In deze zaak heeft de Rechtbank Rotterdam op 24 januari 2018 uitspraak gedaan in een geschil tussen een eiser en de besloten vennootschap Makelaarskantoor Rijndelta B.V. De eiser, vertegenwoordigd door advocaat mr. Th.C. Visser, vorderde schadevergoeding van Rijndelta wegens onrechtmatige daad. De eiser stelde dat de oppervlakte van het door hem aangekochte appartement onjuist was vermeld in de verkoopbrochure, wat leidde tot schade. Rijndelta, vertegenwoordigd door advocaat mr. D.W.N. Brand, voerde aan dat de vordering van de eiser verjaard was en dat de eiser niet tijdig had geklaagd over de vermeende gebreken, zoals vereist door artikel 6:89 van het Burgerlijk Wetboek.
De rechtbank oordeelde dat de eiser zijn vordering baseerde op onrechtmatige daad en dat Rijndelta niet de zorgvuldigheid had betracht die van een redelijk handelend makelaar verwacht mocht worden. De rechtbank verwierp het verweer van Rijndelta dat de eiser zijn klachtplicht had geschonden, omdat niet was aangetoond dat Rijndelta in haar belangen was geschaad door het tijdsverloop. Ook het beroep op verjaring werd verworpen, omdat de vordering niet was verjaard. De rechtbank concludeerde dat de eiser onvoldoende had aangetoond dat hij schade had geleden als gevolg van de onjuiste oppervlakte vermelding, en wees de vordering van de eiser in al zijn onderdelen af. De eiser werd veroordeeld in de proceskosten van Rijndelta, die op € 3.712,00 werden begroot.
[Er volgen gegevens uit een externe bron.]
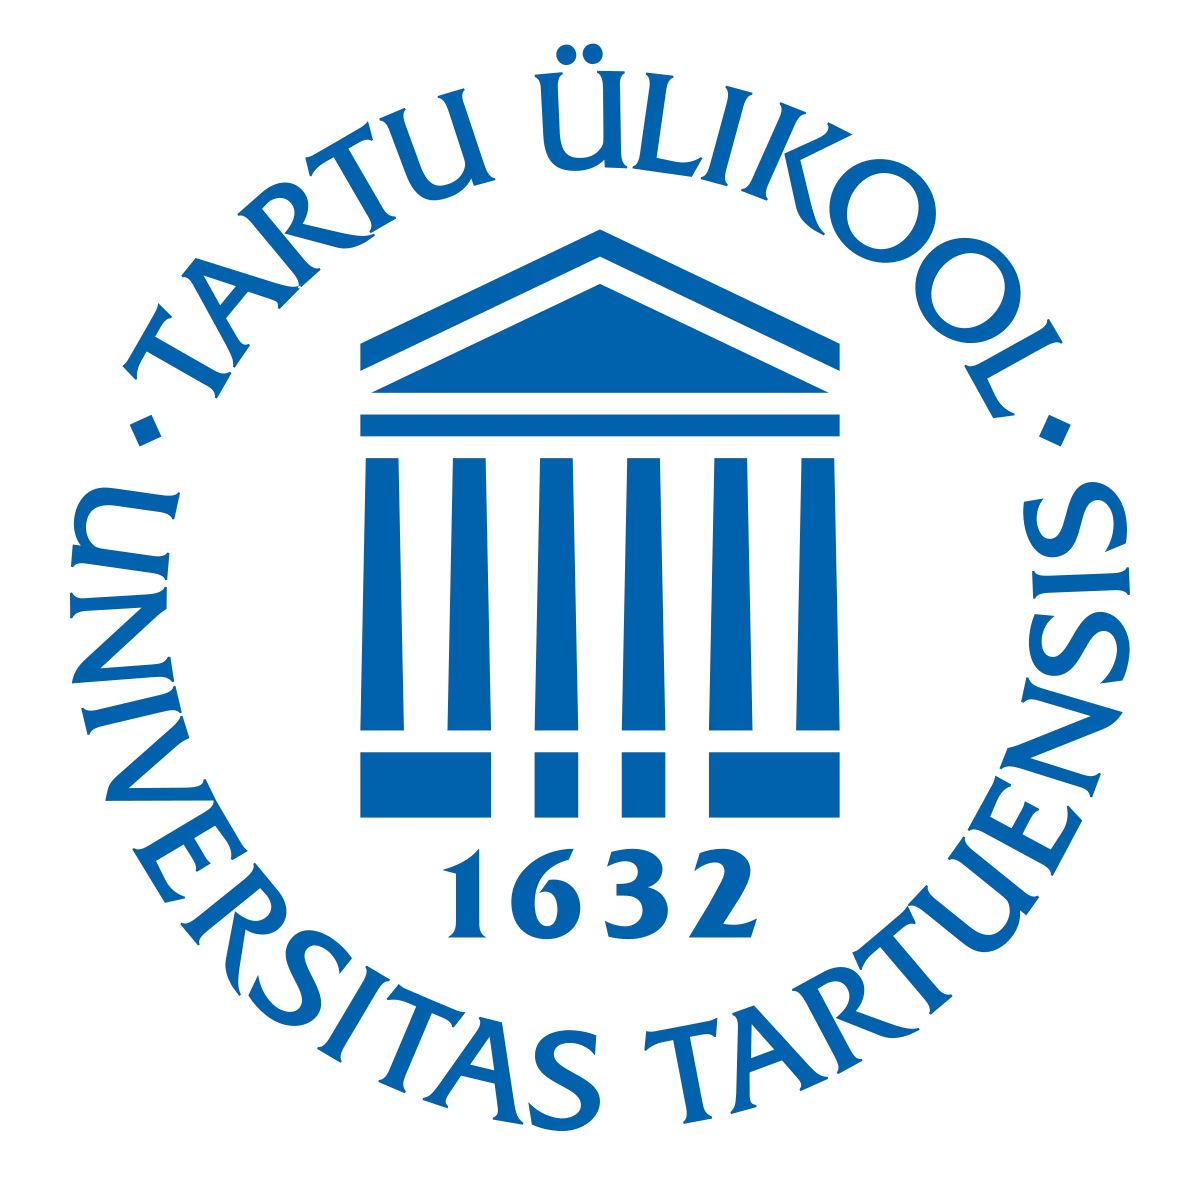 Estonia University of Tartu 336 Tuition Waiver Scholarships 2018

De uitspraak benadrukt de verantwoordelijkheden van makelaars bij het verstrekken van informatie over onroerend goed en de noodzaak voor kopers om tijdig te klagen over gebreken. De rechtbank bevestigde dat de zorgvuldigheidseisen voor makelaars hoog zijn, vooral als het gaat om essentiële kenmerken zoals de oppervlakte van een woning.